You can use the gpt2_125m_8gpu.sh script to run the Megablocks training process. If you are working with other model sizes, the process is similar, but you will need to use a different script.

  1. Once you are inside the Megablocks Directory, you can download the BooksCorpus dataset or Oscar dataset by utilizing the helper scripts stored in the dataset directory:

    • Oscar dataset

    • gpt2-vocab.json

    • gpt2-merges.txt

    cd third_party/Stanford-Megatron-LM/tools
    wget https://huggingface.co/bigscience/misc-test-data/resolve/main/stas/oscar-1GB.jsonl.xz
    xz -d oscar-1GB.jsonl.xz
    wget -O gpt2-vocab.json https://huggingface.co/openai-community/gpt2/resolve/main/vocab.json
    wget -O gpt2-merges.txt https://huggingface.co/mkhalifa/gpt2-biographies/resolve/main/merges.txt
    
  2. Pre-process the datasets

    export BASE_SRC_PATH=$(dirname $(pwd))
    export BASE_DATA_PATH=${BASE_SRC_PATH}/tools
    python preprocess_data.py \
    --input ${BASE_DATA_PATH}/oscar-1GB.jsonl \
    --output-prefix ${BASE_DATA_PATH}/my-gpt2 \
    --vocab-file ${BASE_DATA_PATH}/gpt2-vocab.json \
    --dataset-impl mmap \
    --tokenizer-type GPT2BPETokenizer \
    --merge-file ${BASE_DATA_PATH}/gpt2-merges.txt \
    --append-eod \
    --workers 8 \
    --chunk-size 10
    
  3. Set up the pre-training script

    Edit the exp/gpt2/gpt2_125m_8gpu.sh script inside the project root directory:

    DATA_PATH=${BASE_DATA_PATH}/my-gpt2_text_document
    CHECKPOINT_PATH=${BASE_DATA_PATH}/checkpoints
    VOCAB_FILE=${BASE_DATA_PATH}/gpt2-vocab.json
    MERGE_FILE=${BASE_DATA_PATH}/gpt2-merges.txt
    
  4. Run the pre-training script

    From the project root directory, execute the following command:

    ./exp/gpt2/gpt2_125m_8gpu.sh | tee train.log
    

Test the Megablocks installation#

Megablocks unit tests are optional for validating your installation if you used a prebuilt Docker image from AMD ROCm Docker Hub.
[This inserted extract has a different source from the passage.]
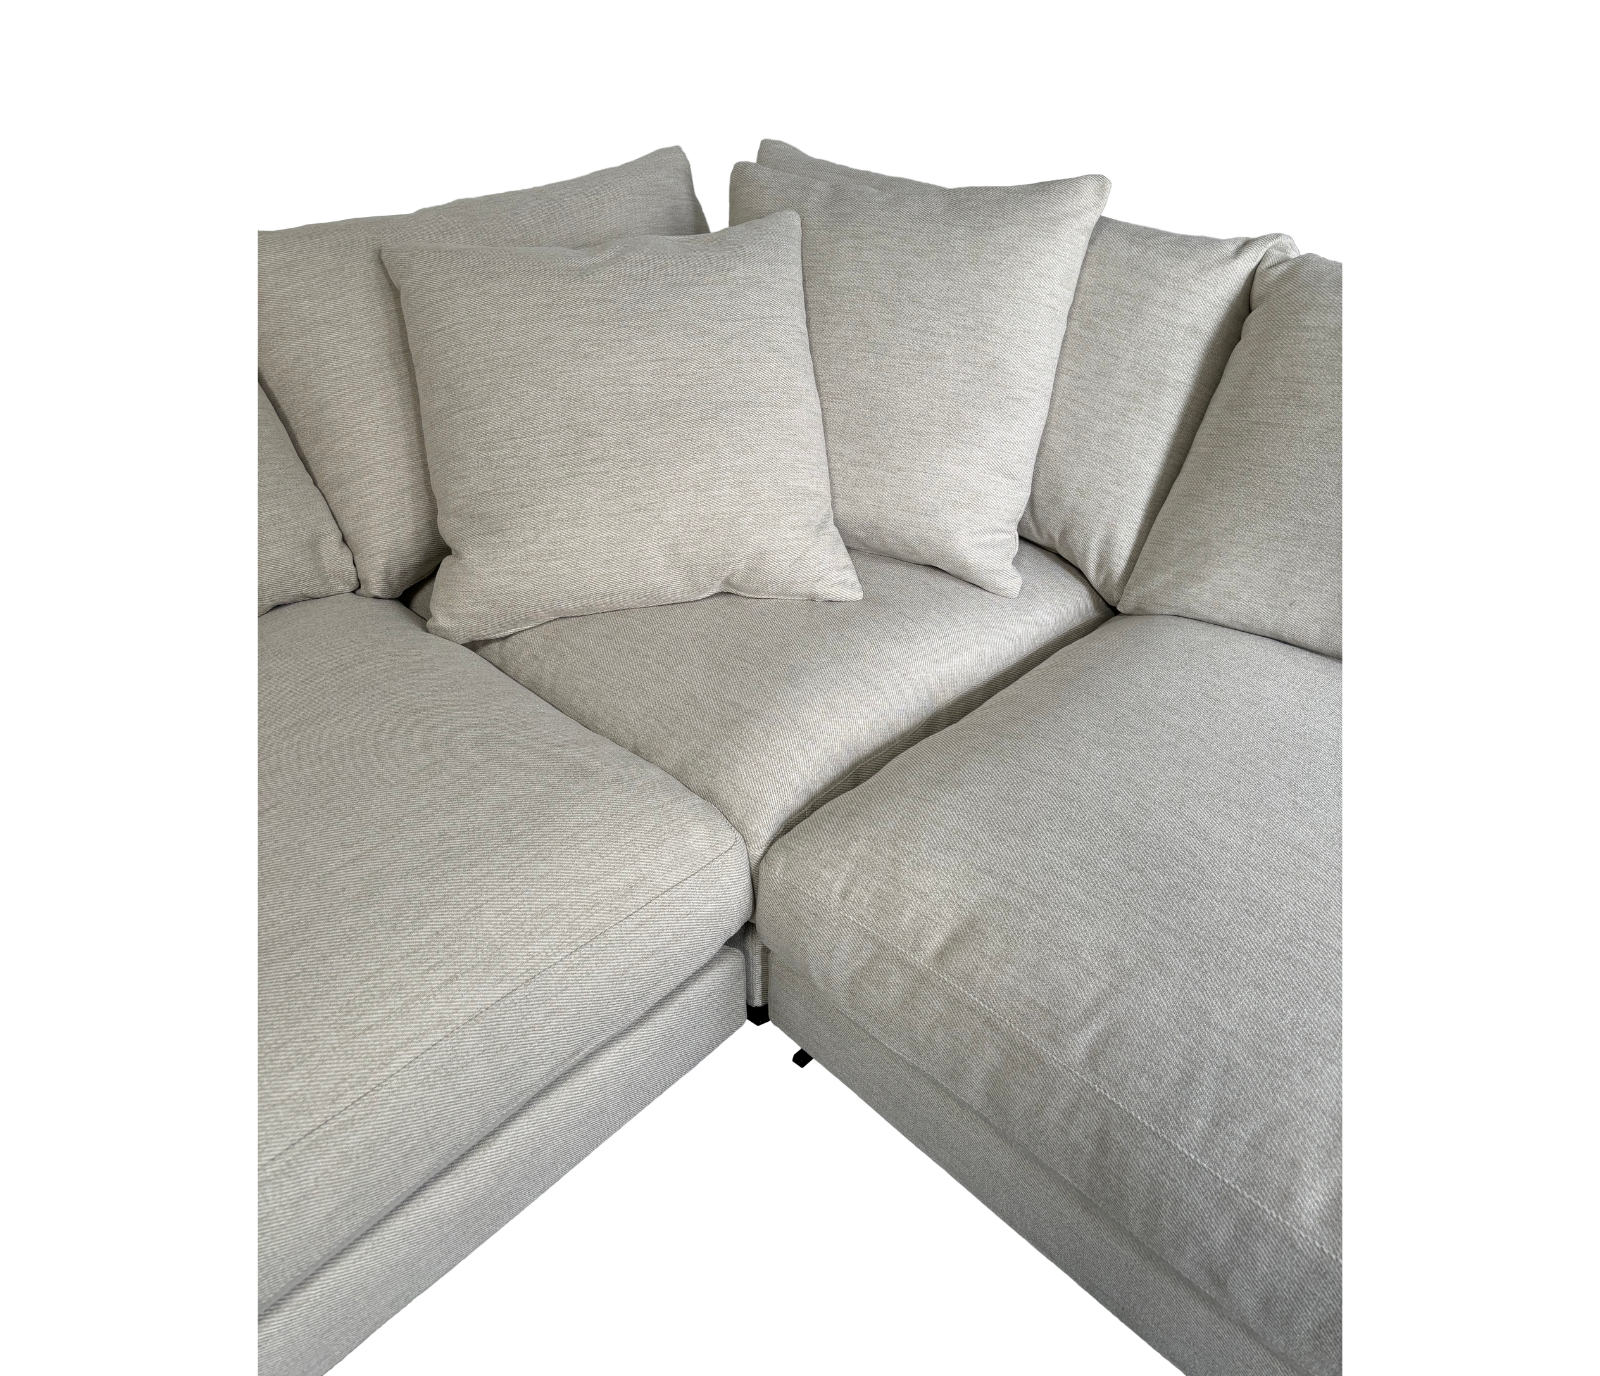 Weekender 3 Piece Sectional - Ivory Fabric
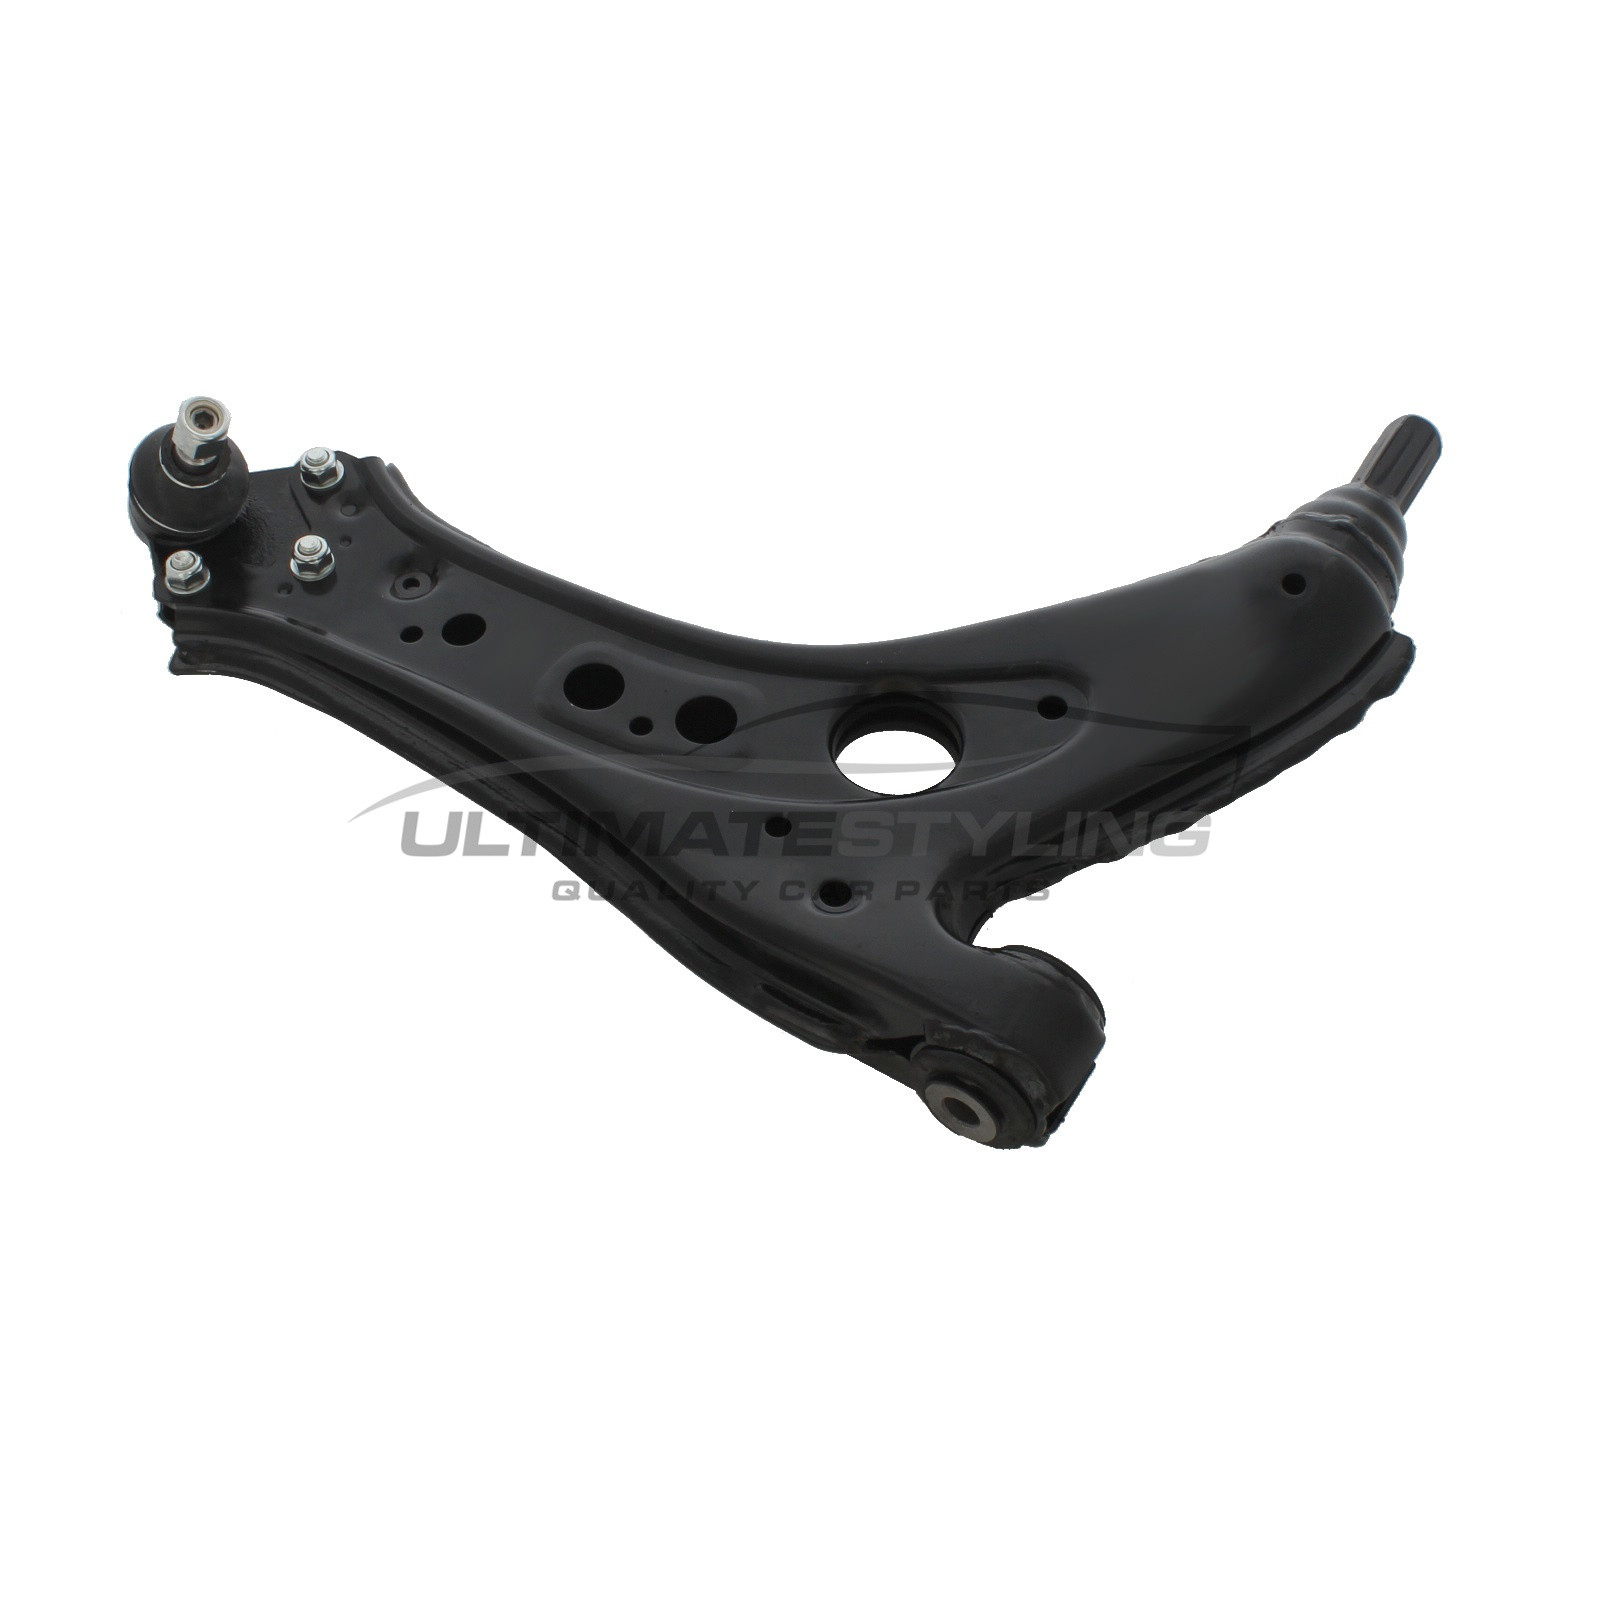 Seat Cordoba 2002-2006, Seat Ibiza 2002-2008, Skoda Fabia 2000-2010, Skoda Roomster 2006-2008, VW Fox 2006-2012, VW Polo 2002-2010 Front Lower Suspension Arm (Steel) Including Ball Joint Excluding Rear Bush Driver Side (RH)

To run unit tests manually and validate your installation fully, follow these steps:

Note

Run the following from the Stanford Megatron-LM root. Running the unit tests requires 8 GPUs as they test for distributed functionality.

pytest -m gpu /root/megablocks/tests/ 2>&1 | tee "megablocks_test.log"

Run a Megablocks example#

Recommended example: pretraining_gpt.sh. For detailed steps, refer to the Efficient MoE training on AMD ROCm: How-to use Megablocks on AMD GPUs blog.